In the latest iOS release (which can now be downloaded in beta versions), Apple is taking huge steps towards protecting those who are most likely to be targeted by high level spyware. Although this is Apple's main target, it is available for anyone to use.
Mostly, Lockdown Mode will be used by the likes of journalists, politicians and other government officials that want to add another layer of protection to their iPhone, iPad or MacOS device. This new setting hardens device's defence in ways that interrupt methods we’ve seen used to compromise devices for highly targeted attacks.
Lockdown Mode blocks many message attachment types, disables link previews, turns off some web browsing technology by default, stops invitations and FaceTime calls from unknown contacts and shuts down wired connections to computers or accessories while the device is locked. Along with this, it disables the ability to add new configuration profiles or sign up to mobile device management (MDM).
These are all areas that we know can be vulnerable, as Google’s Project Zero team detailed how iPhones of people targeted by the cyber attacking software could be compromised in a “zero-click” scenario by using a GIF to exploit iMessage in the background.
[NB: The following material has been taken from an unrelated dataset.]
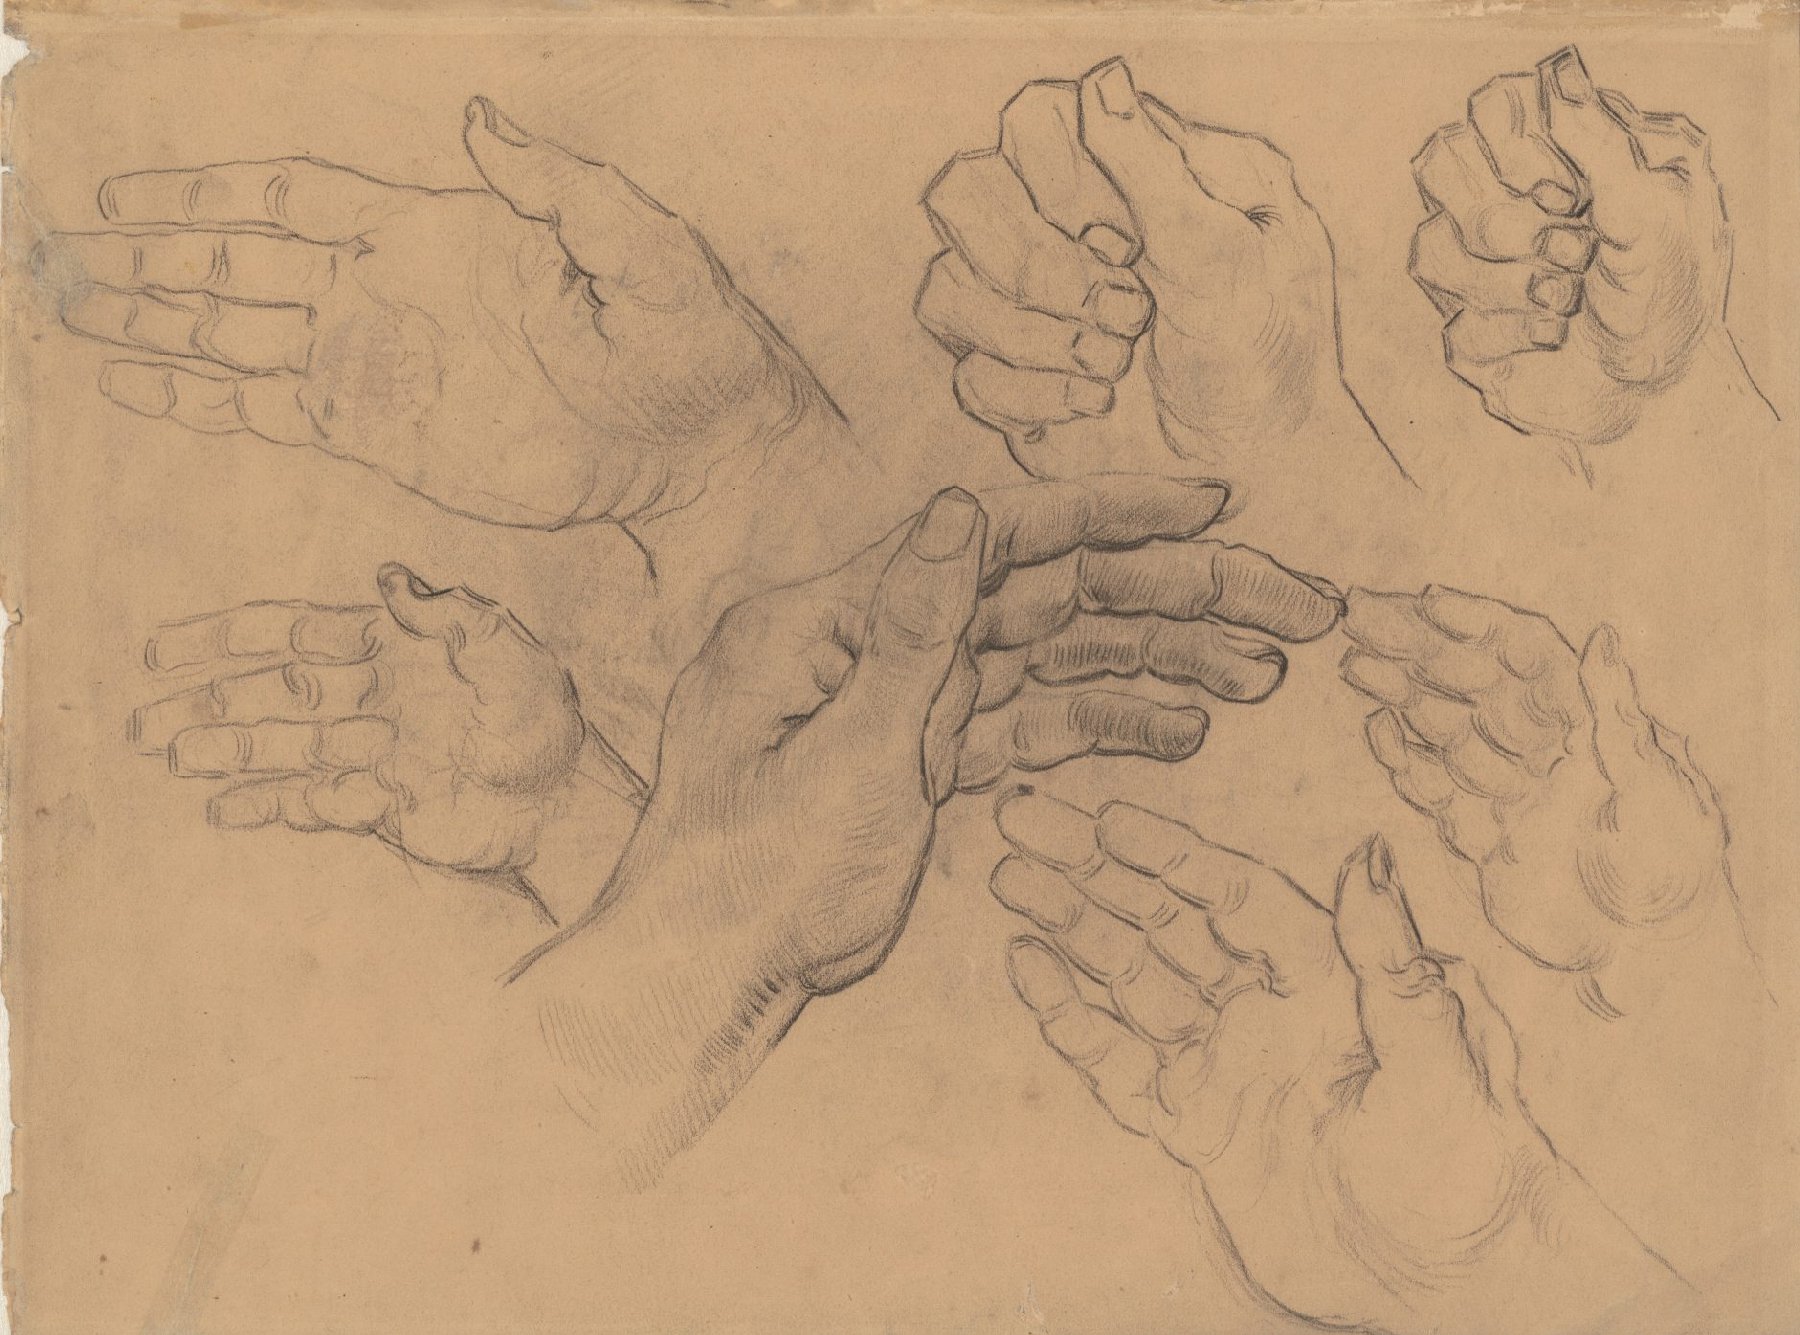 Studies van een hand Vincent van Gogh (1853 - 1890), Saint-Rémy-de-Provence, maart-april 1890

Other attacks have repeatedly targeted mobile device management solutions or used websites to exploit flaws in rendering. With Lockdown Mode, these opportunities that could have previously been exploited are now shut down.
Apple is calling Lockdown Mode an “extreme, optional” level of protection that’s a clear response to the growing risk of cyber attacks across the world.
Apple’s head of security engineering and architecture, Ivan Krstić also stated, “While the vast majority of users will never be the victims of highly targeted cyberattacks, we will work tirelessly to protect the small number of users who are. That includes continuing to design defenses specifically for these users, as well as supporting researchers and organizations around the world doing critically important work in exposing mercenary companies that create these digital attacks.”
Apple also released its new Rapid Security Response feature wit the latest MacOS which will updates for security patches to roll out faster and can take effect on a Mac without requiring a reboot. iOS 16 and macOS Ventura are also set to include support for new passkey technology that will help eliminate the use of passwords.